_Source material_
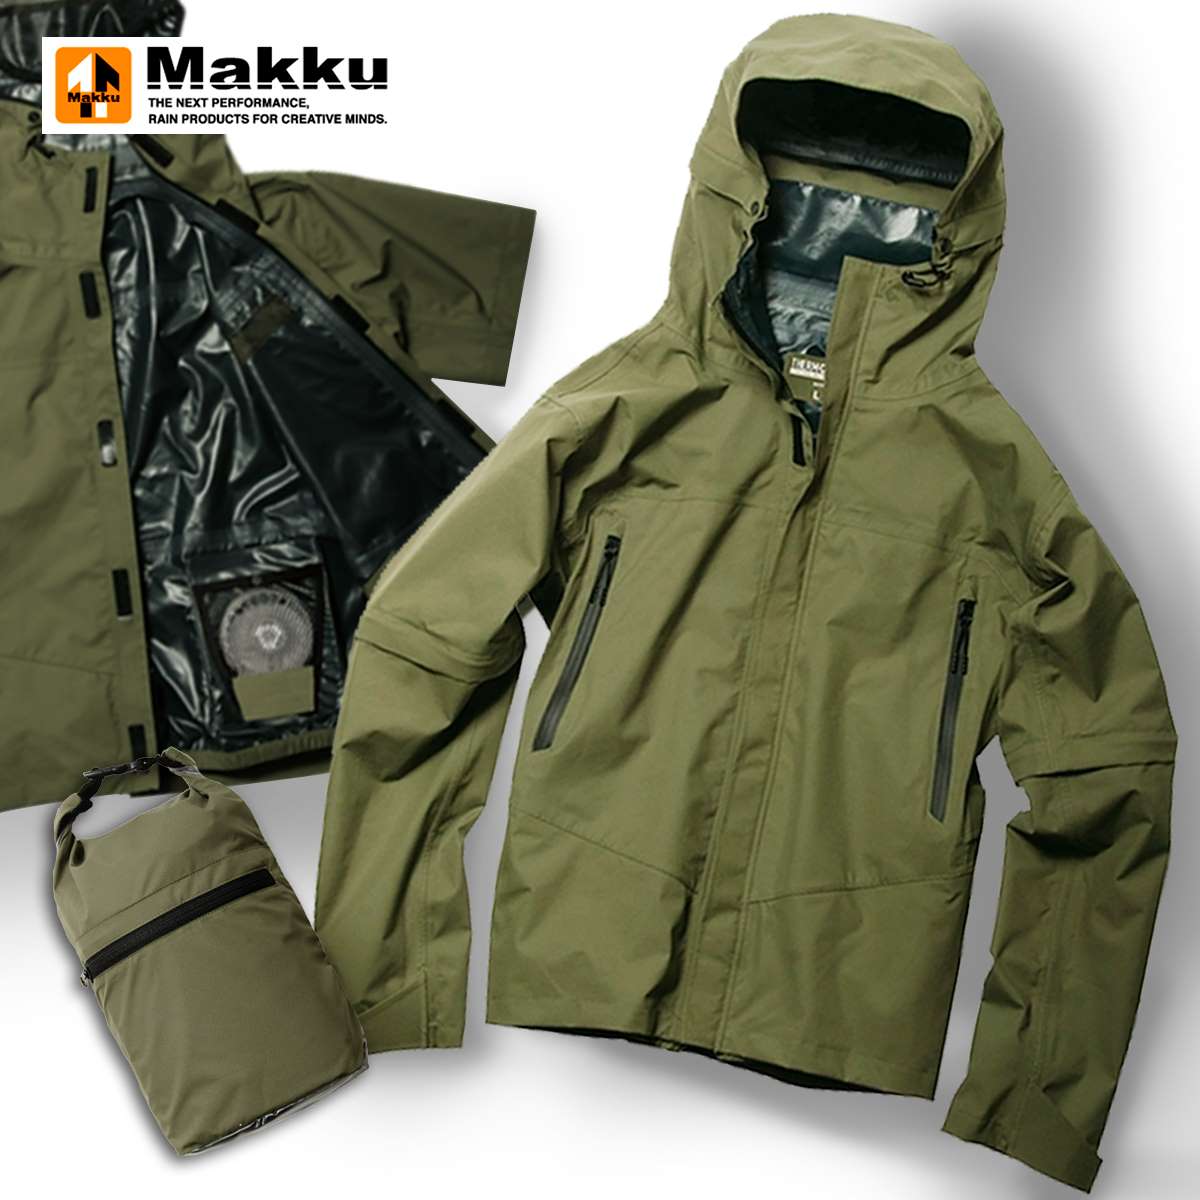 【空調ファン別売り】Makku マック エアーマウンテンレインジャケット MKU-AS931 ウェア レインウェア ジャケット 2way
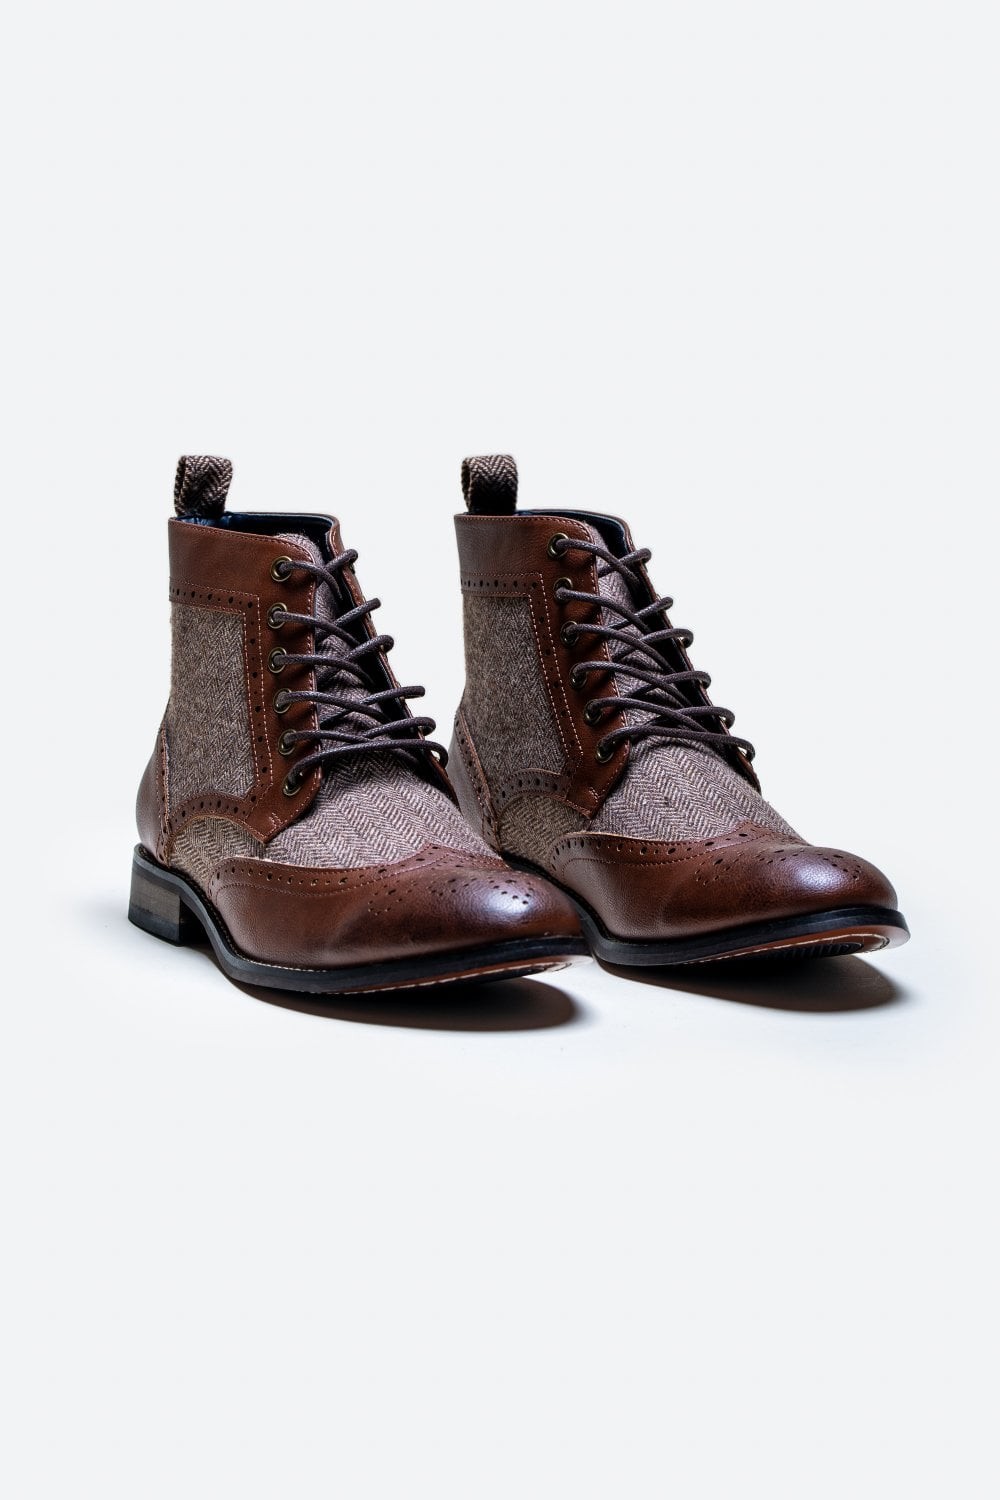 Chaussures brogues montantes à lacets pour hommes - JONES - Brun
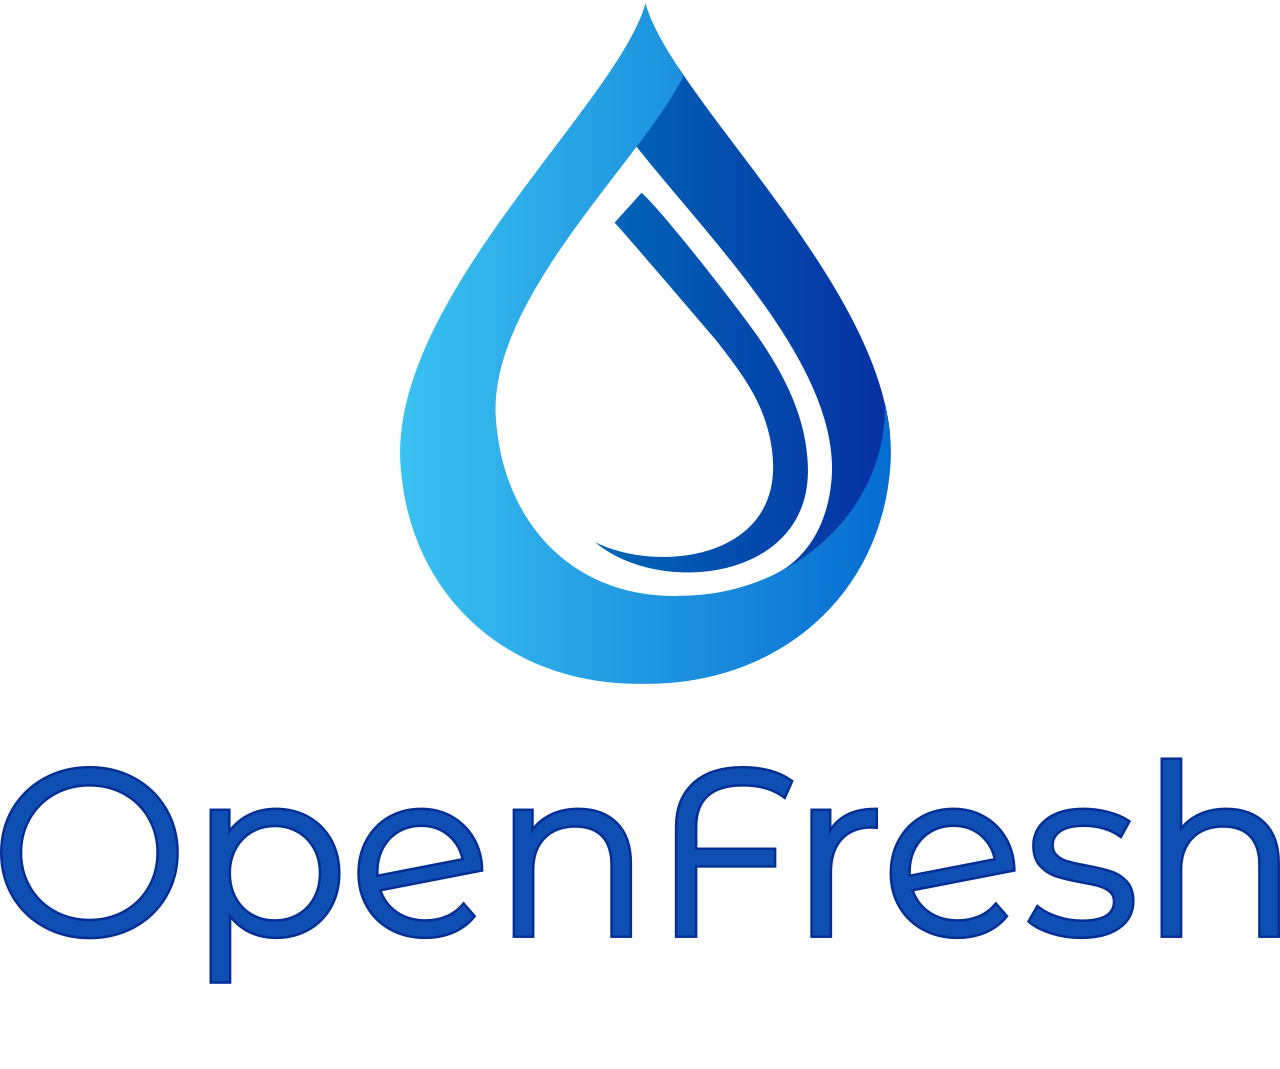 OpenFresh's logo
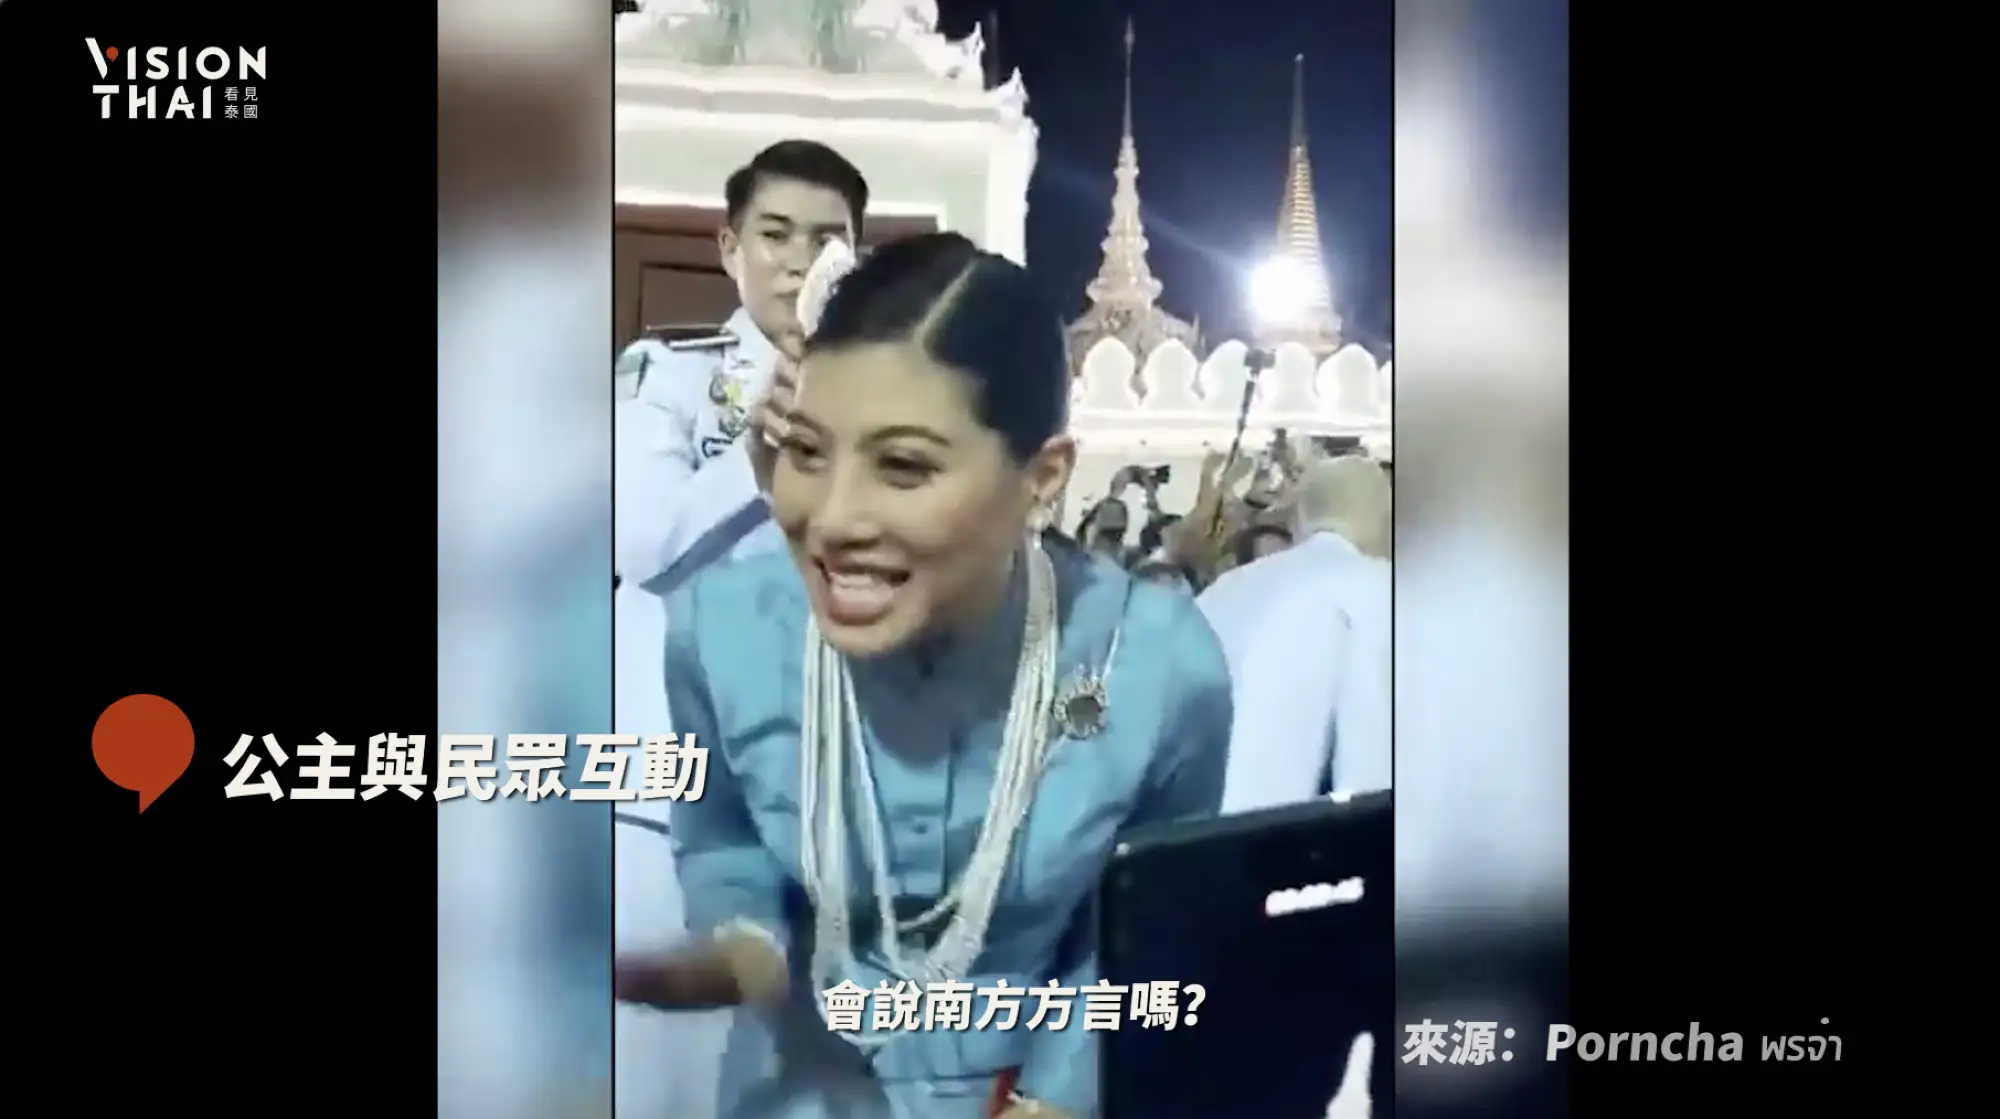 泰國公主與民眾大秀泰南方言（VISION THAI 影片截圖）

_Your objective_
Each word of the data should be repeated exactly, and the pictures left out.

_Result of the exercise_
 【空調ファン別売り】Makku マック エアーマウンテンレインジャケット MKU-AS931 ウェア レインウェア ジャケット 2way
 Chaussures brogues montantes à lacets pour hommes - JONES - Brun
 OpenFresh's logo
 泰國公主與民眾大秀泰南方言（VISION THAI 影片截圖）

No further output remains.